• DATA SECTION:
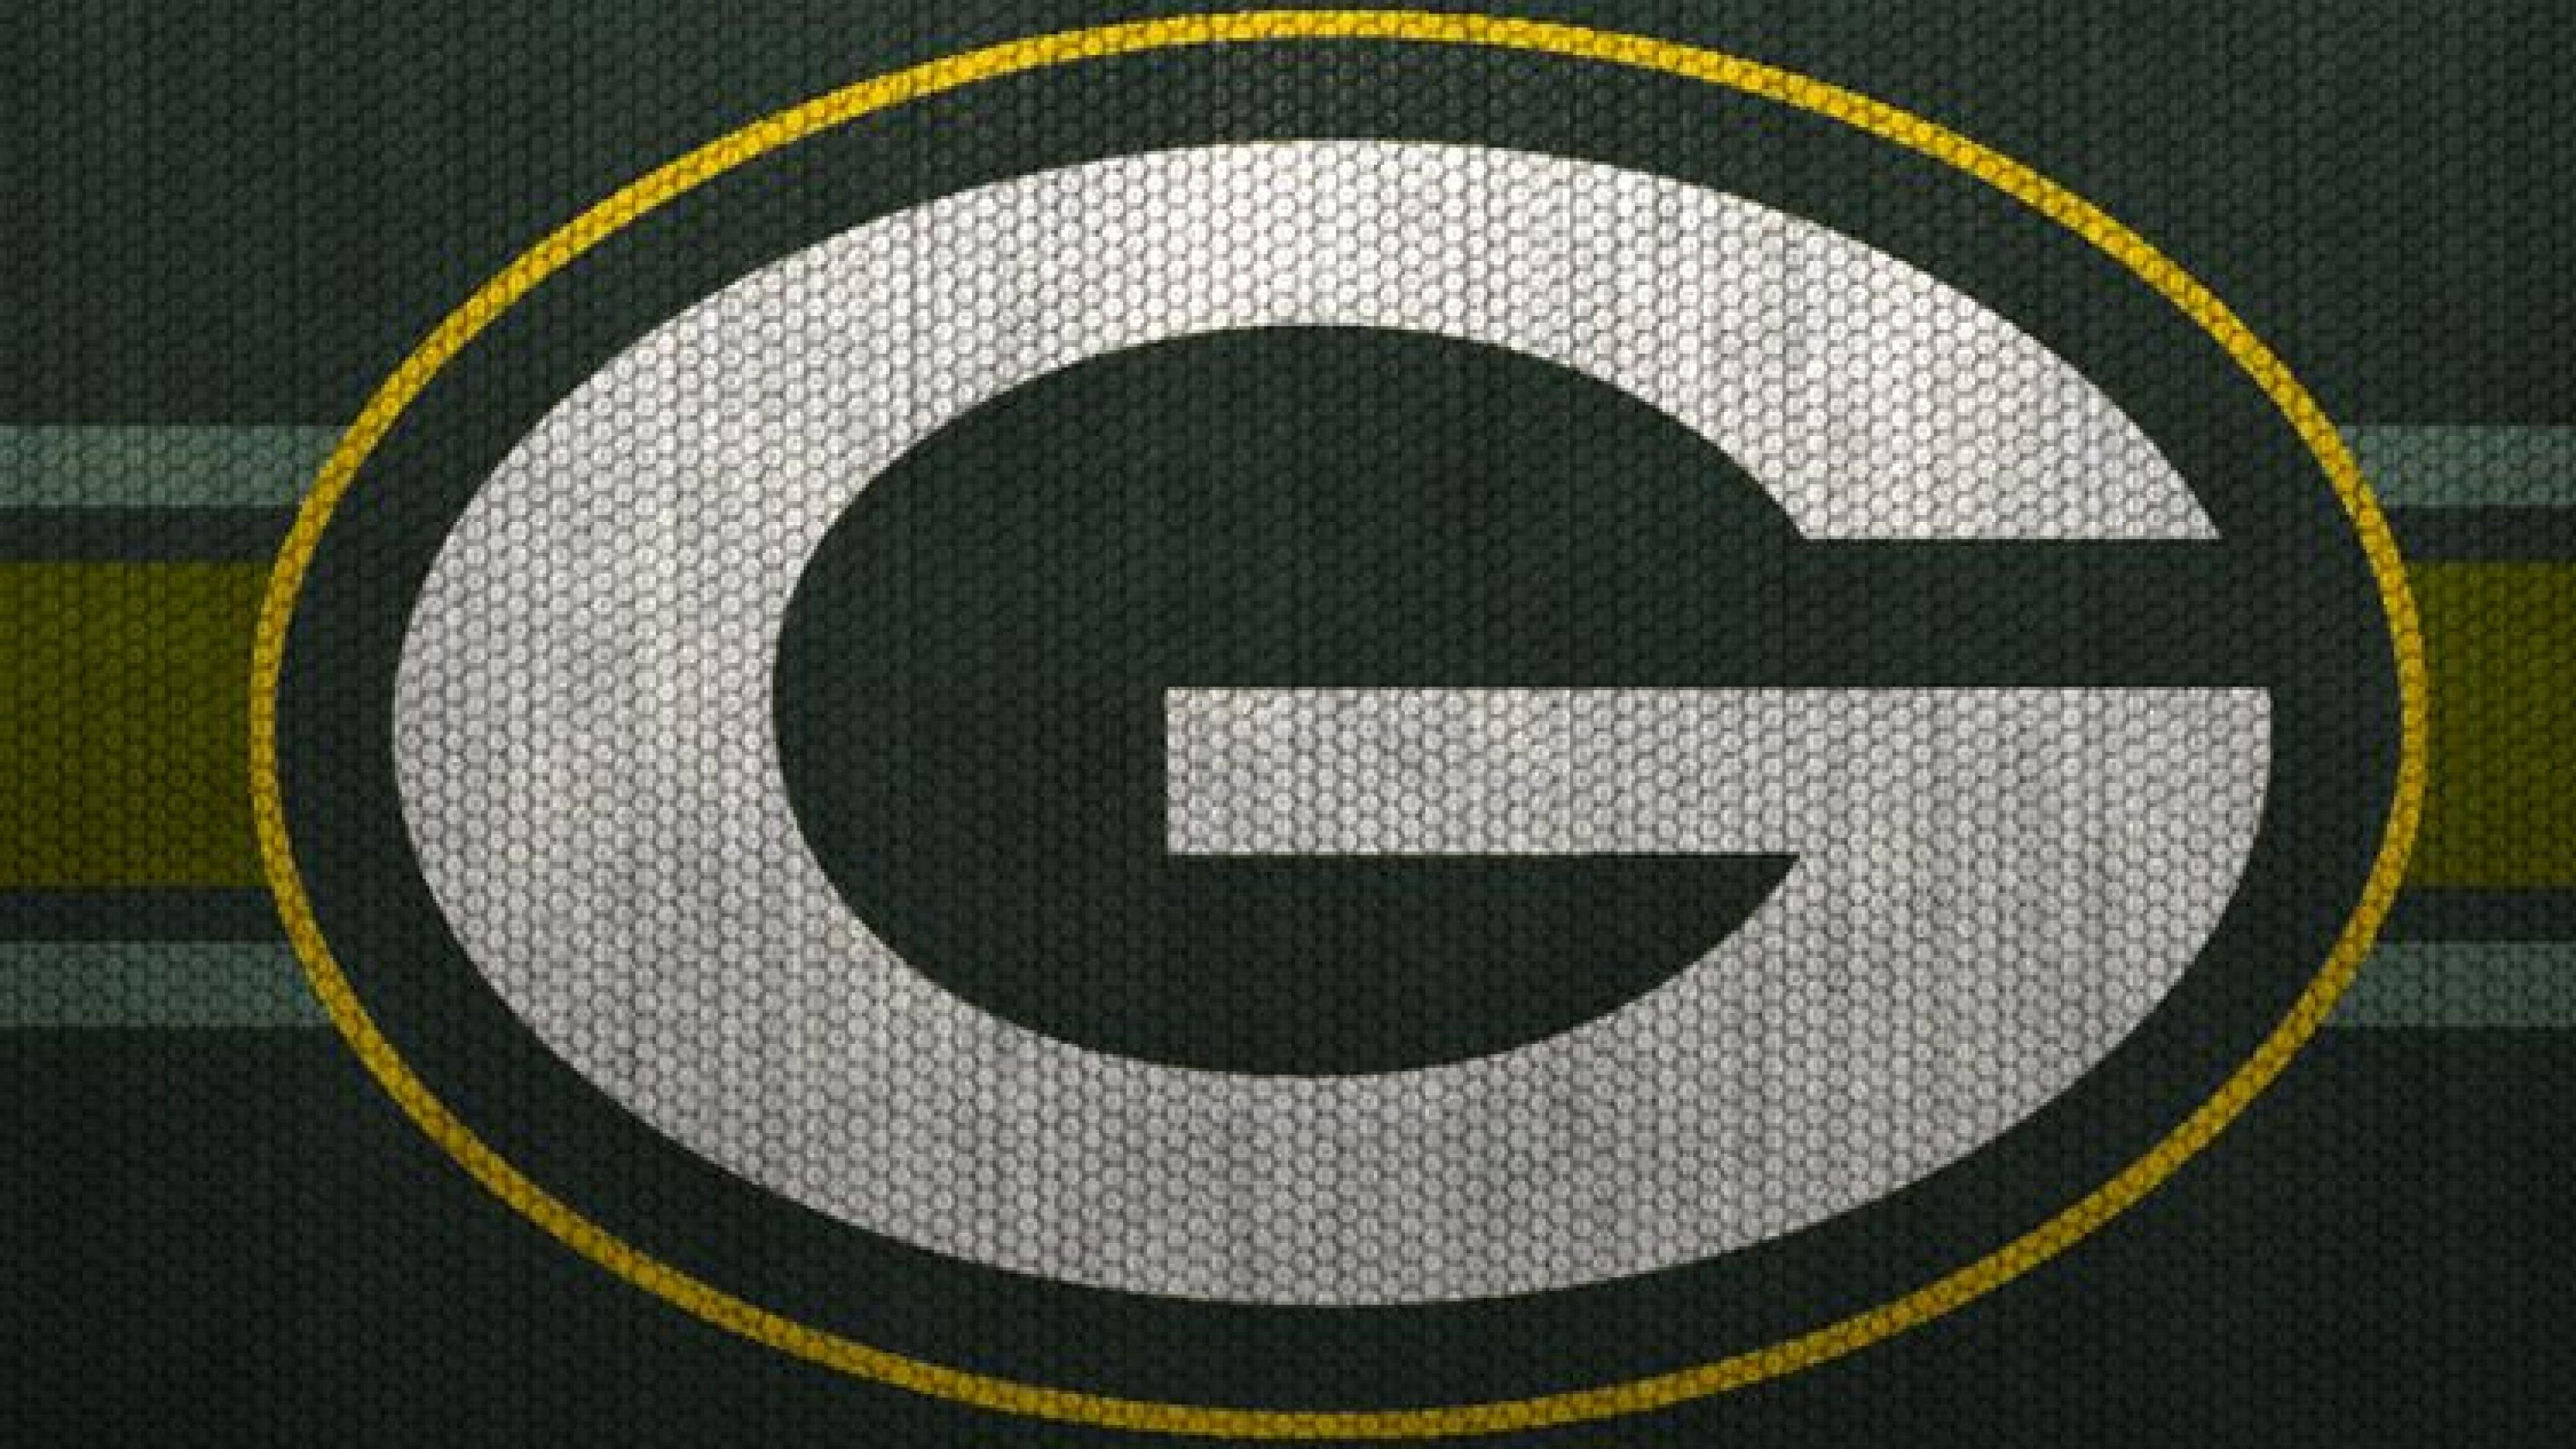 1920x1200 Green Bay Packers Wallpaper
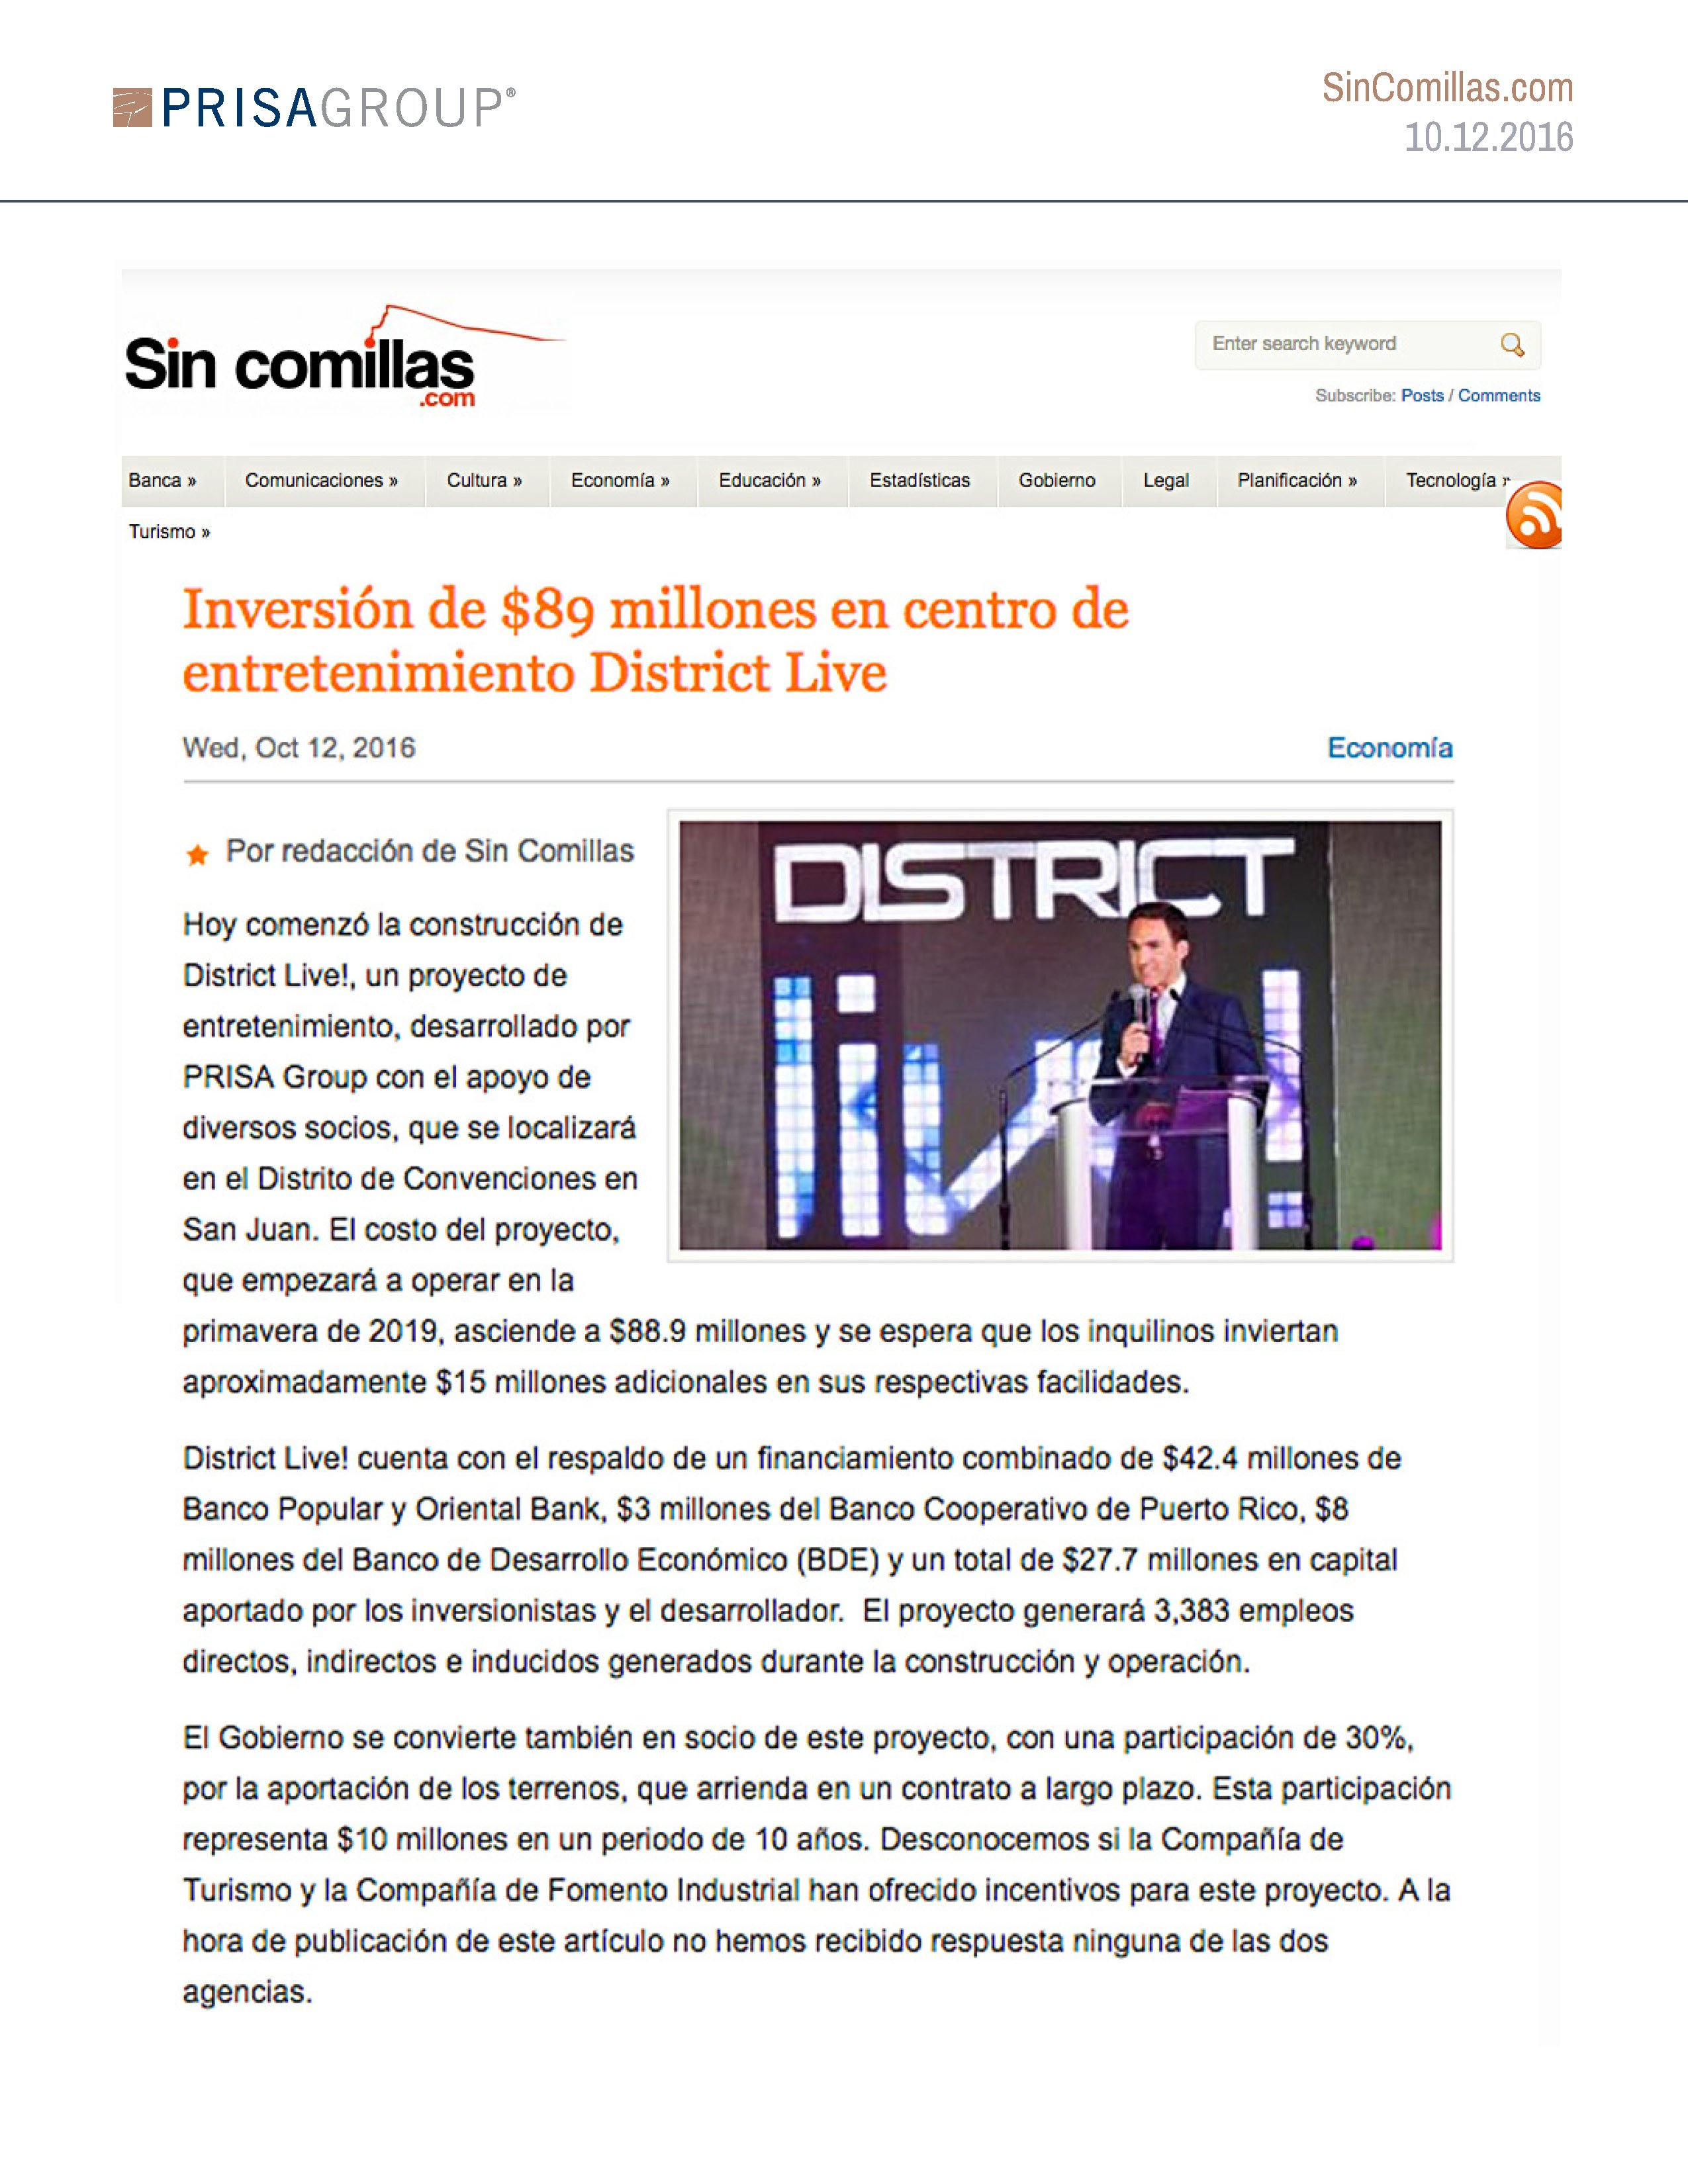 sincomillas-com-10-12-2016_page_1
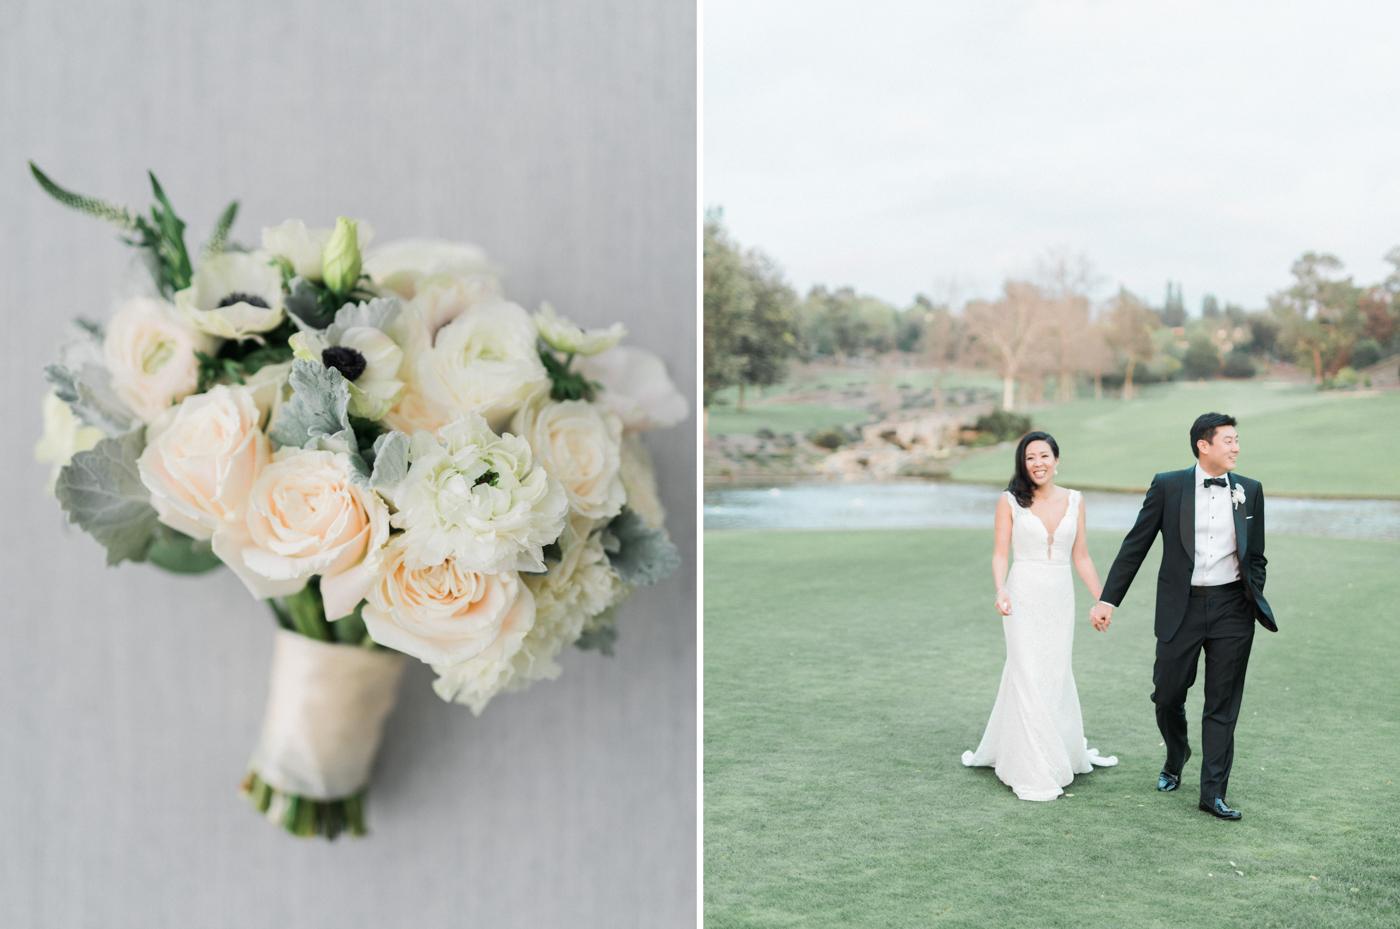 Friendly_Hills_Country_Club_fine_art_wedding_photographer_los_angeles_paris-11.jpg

• DIRECTIONS FOR THIS TASK: A word-for-word copy is required of the lines above from the line with "sincomillas-com-10-12-2016_page_1" through the last line of the data; no other lines and no pictures belong in it.

• EXERCISE ANSWER:
 sincomillas-com-10-12-2016_page_1
 Friendly_Hills_Country_Club_fine_art_wedding_photographer_los_angeles_paris-11.jpg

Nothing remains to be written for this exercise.